ECLI:NL:RBONE:2013:BZ6900
Rechtbank Oost-Nederland
- Wraking
- M.C.G.J. van Well
- T.P.E.E. van Groeningen
- A.E.B. ter Heide
- Rechtspraak.nl
Wraking van rechters in strafzaak en toetsingscriteria
In deze zaak heeft verzoeker, die betrokken is bij een strafzaak, een wrakingsverzoek ingediend tegen de rechters mrs. C. van Linschoten, M.M.L.A.T. Doll en F.J.H. Hovens. Verzoeker stelt dat de rechters tijdens een regiezitting onterecht een zwaar toetsingscriterium hebben gehanteerd bij de afwijzing van zijn verzoeken om getuigen te horen en om onderzoekshandelingen te verrichten.
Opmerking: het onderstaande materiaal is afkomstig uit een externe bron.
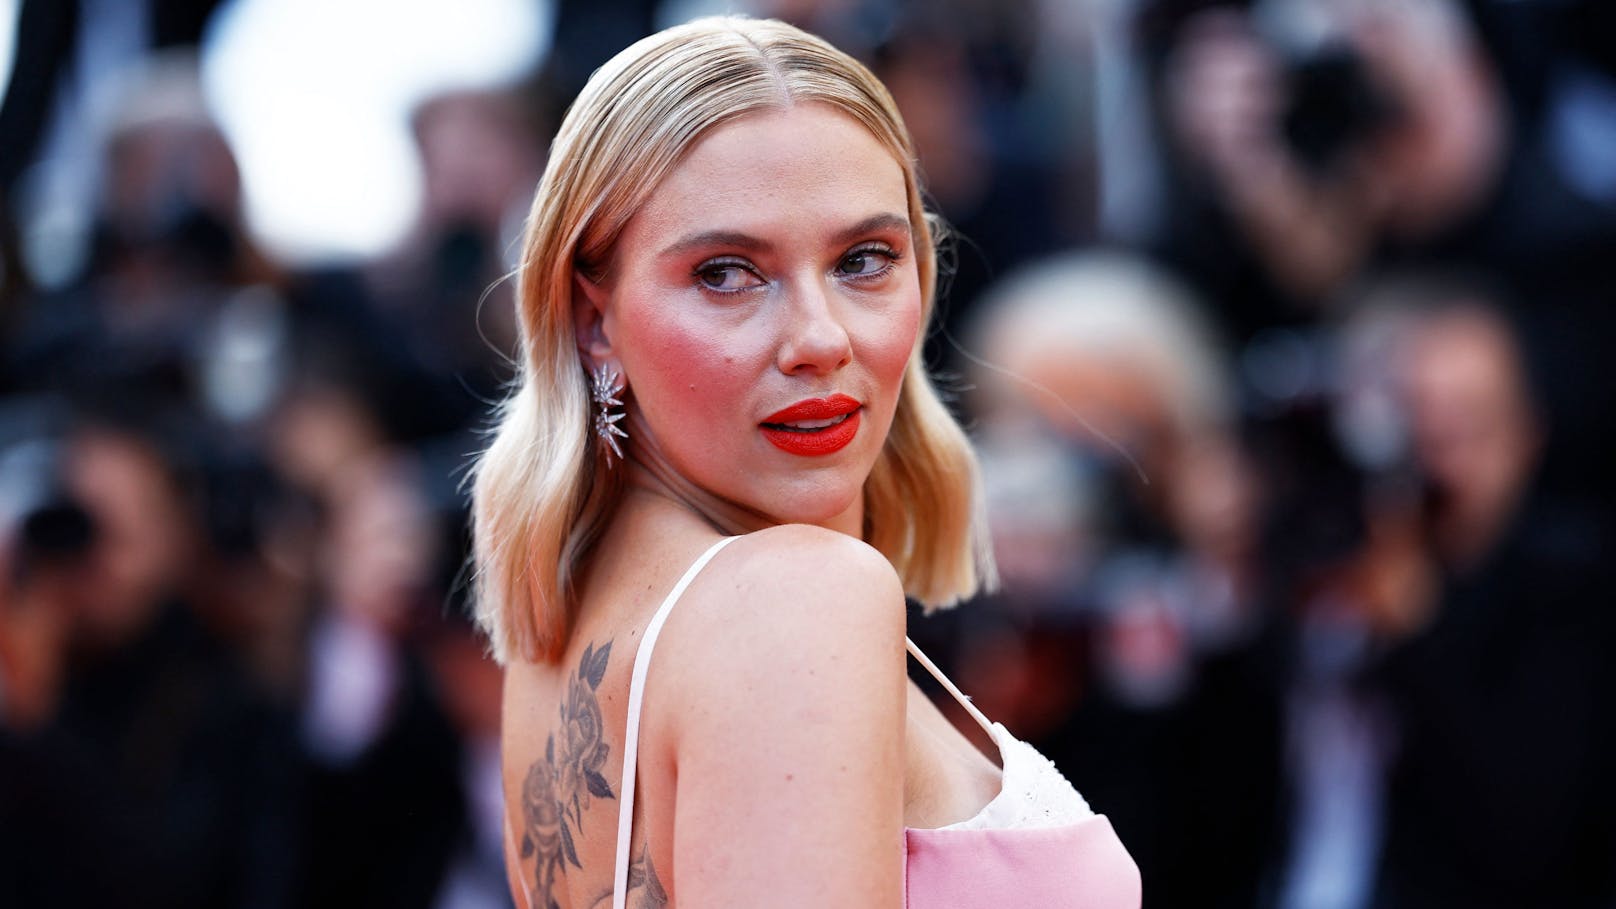 Streit um KI: Scarlett Johansson schaltet Anwälte ein

De wrakingskamer van de rechtbank Oost-Nederland heeft het standpunt van verzoeker niet gevolgd en geoordeeld dat de rechters zich aan de wet hebben gehouden. De rechtbank heeft vastgesteld dat het wrakingsverzoek is ingediend op 27 februari 2013, na een regiezitting op 22 januari 2013 en een uitspraak op 24 januari 2013. Verzoeker heeft aangevoerd dat hij onvoldoende tijd had om zich voor te bereiden op de zitting, omdat het Openbaar Ministerie het dossier niet tijdig had toegestuurd. De rechtbank heeft deze stelling als niet onaannemelijk geacht, maar heeft desondanks geoordeeld dat het wrakingsverzoek ontvankelijk is.
De rechtbank heeft vervolgens de gronden van het wrakingsverzoek beoordeeld. Ten eerste heeft verzoeker aangevoerd dat de rechters onbegrijpelijke gronden hebben gehanteerd bij de afwijzing van zijn verzoeken. De rechtbank heeft echter vastgesteld dat de rechters de algemene voorschriften hebben toegepast die gelden voor reguliere zittingen en dat het noodzakelijkheidscriterium op de juiste wijze is toegepast. Ten tweede heeft verzoeker gesteld dat de rechtbank de indruk heeft gewekt dat het er niet toe doet wat er naar voren wordt gebracht ten aanzien van een mogelijk strafmaatverweer. De rechtbank heeft deze stelling verworpen en geoordeeld dat de beslissing van de rechters niet onbegrijpelijk is en dat er geen aanwijzingen zijn voor vooringenomenheid.
Uiteindelijk heeft de wrakingskamer het verzoek tot wraking afgewezen, met de overweging dat de rechters op basis van de feiten en omstandigheden objectief onpartijdig zijn geweest. De beschikking is gegeven op 28 maart 2013 en er staat geen rechtsmiddel open tegen deze beslissing.